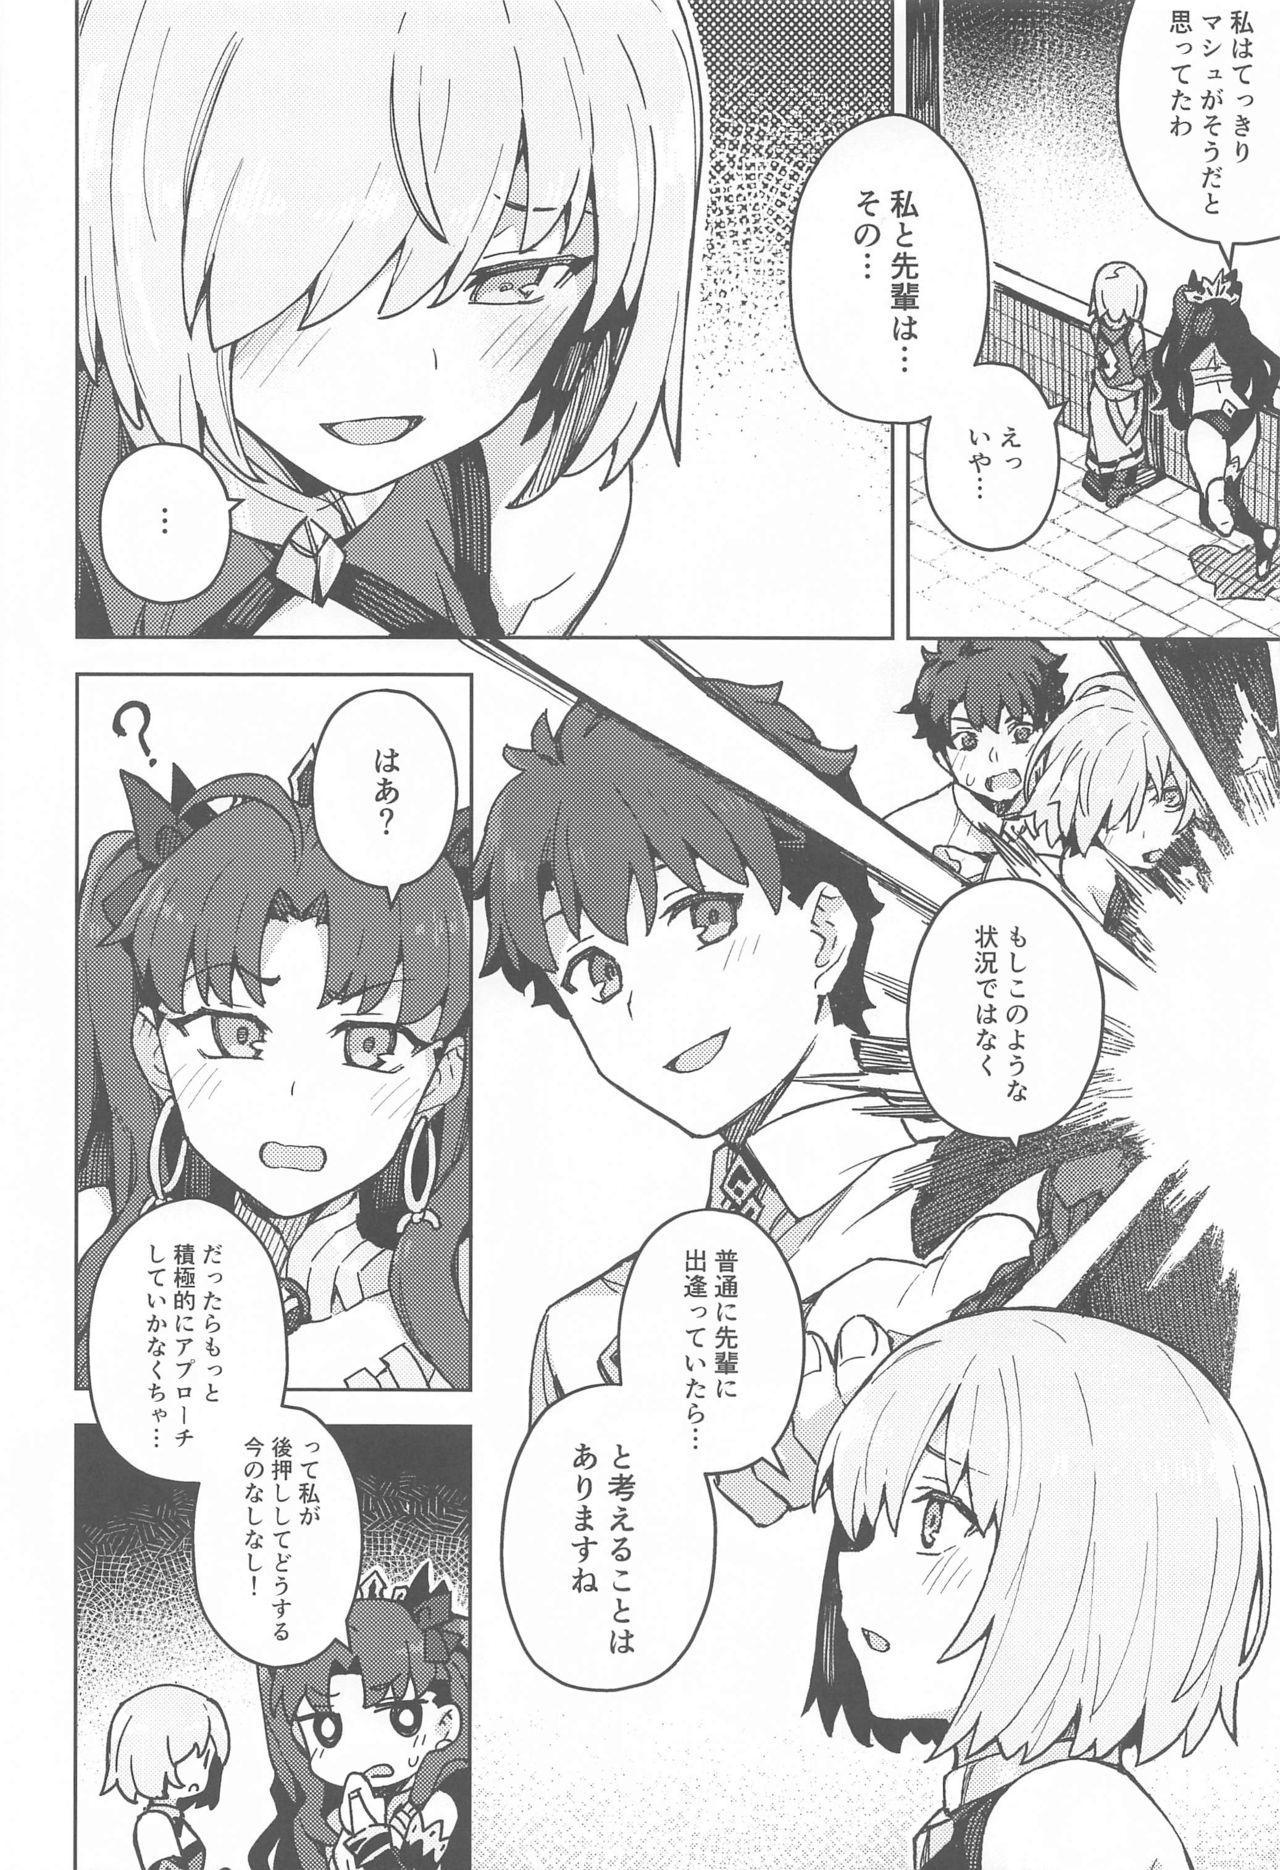 Da Megami Chuuihou 2
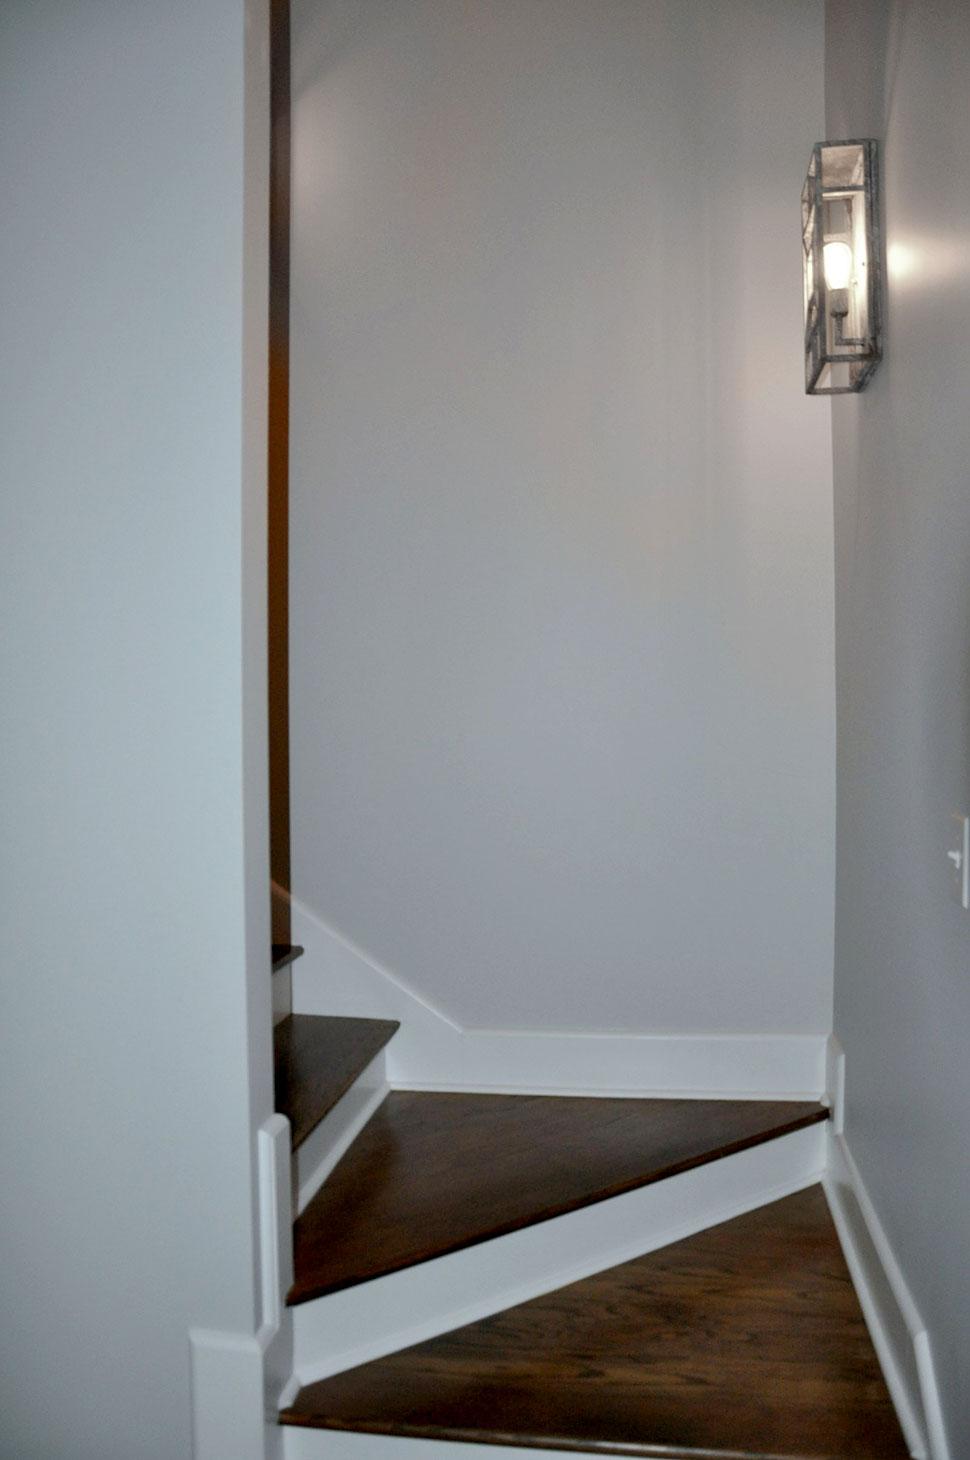 Bungalow, Cottage, Craftsman, European, Tudor House Plan 78516 with 3 Beds, 3 Baths, 2 Car Garage Picture 30
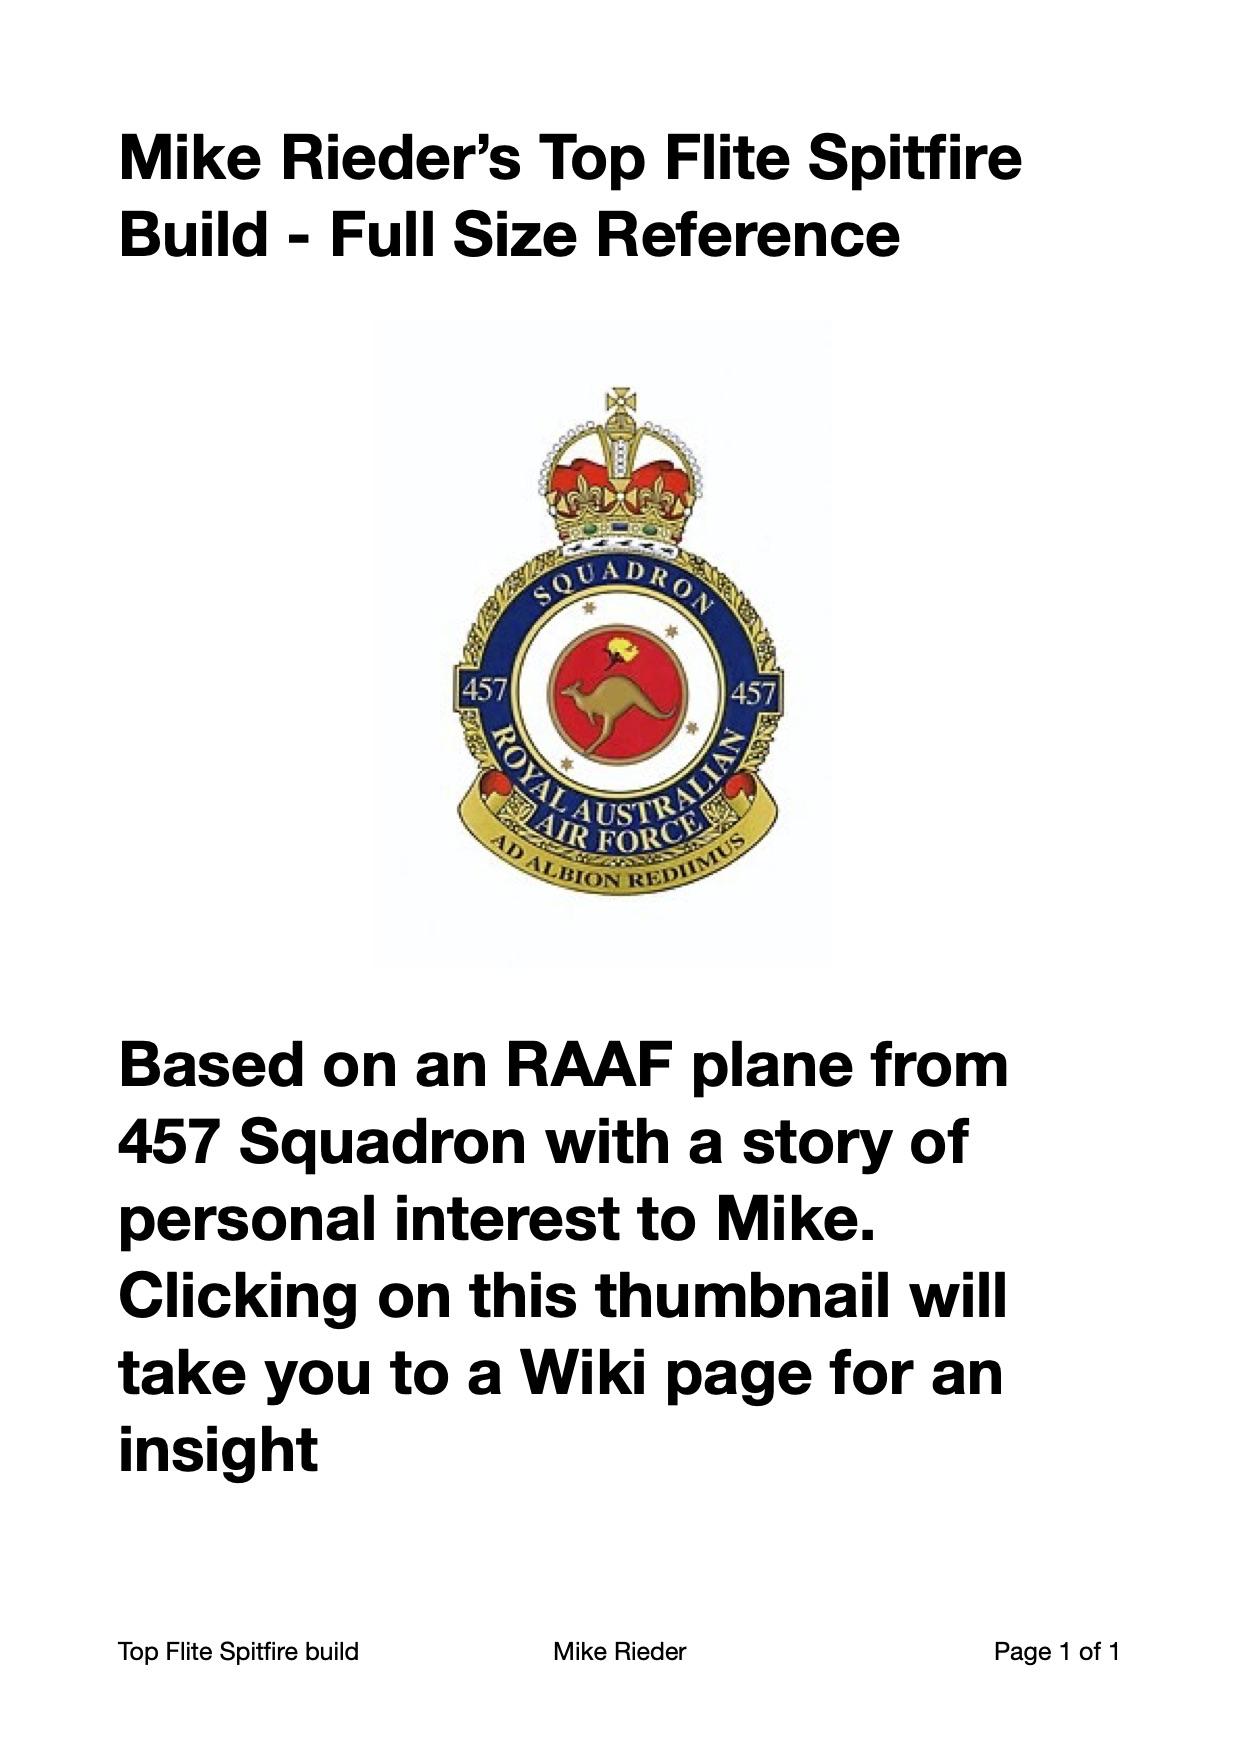 Mike Rieder Spitfire 457 Squadron RAAF insignia
• • • • • • •
Task requirements: Transcribe only the lines from the line holding "Bungalow, Cottage, Craftsman, European, Tudor" to the final line of the listing above. Keep them exact, include both ends, and skip the pictures.

Response to the exercise:
 Bungalow, Cottage, Craftsman, European, Tudor House Plan 78516 with 3 Beds, 3 Baths, 2 Car Garage Picture 30
 Mike Rieder Spitfire 457 Squadron RAAF insignia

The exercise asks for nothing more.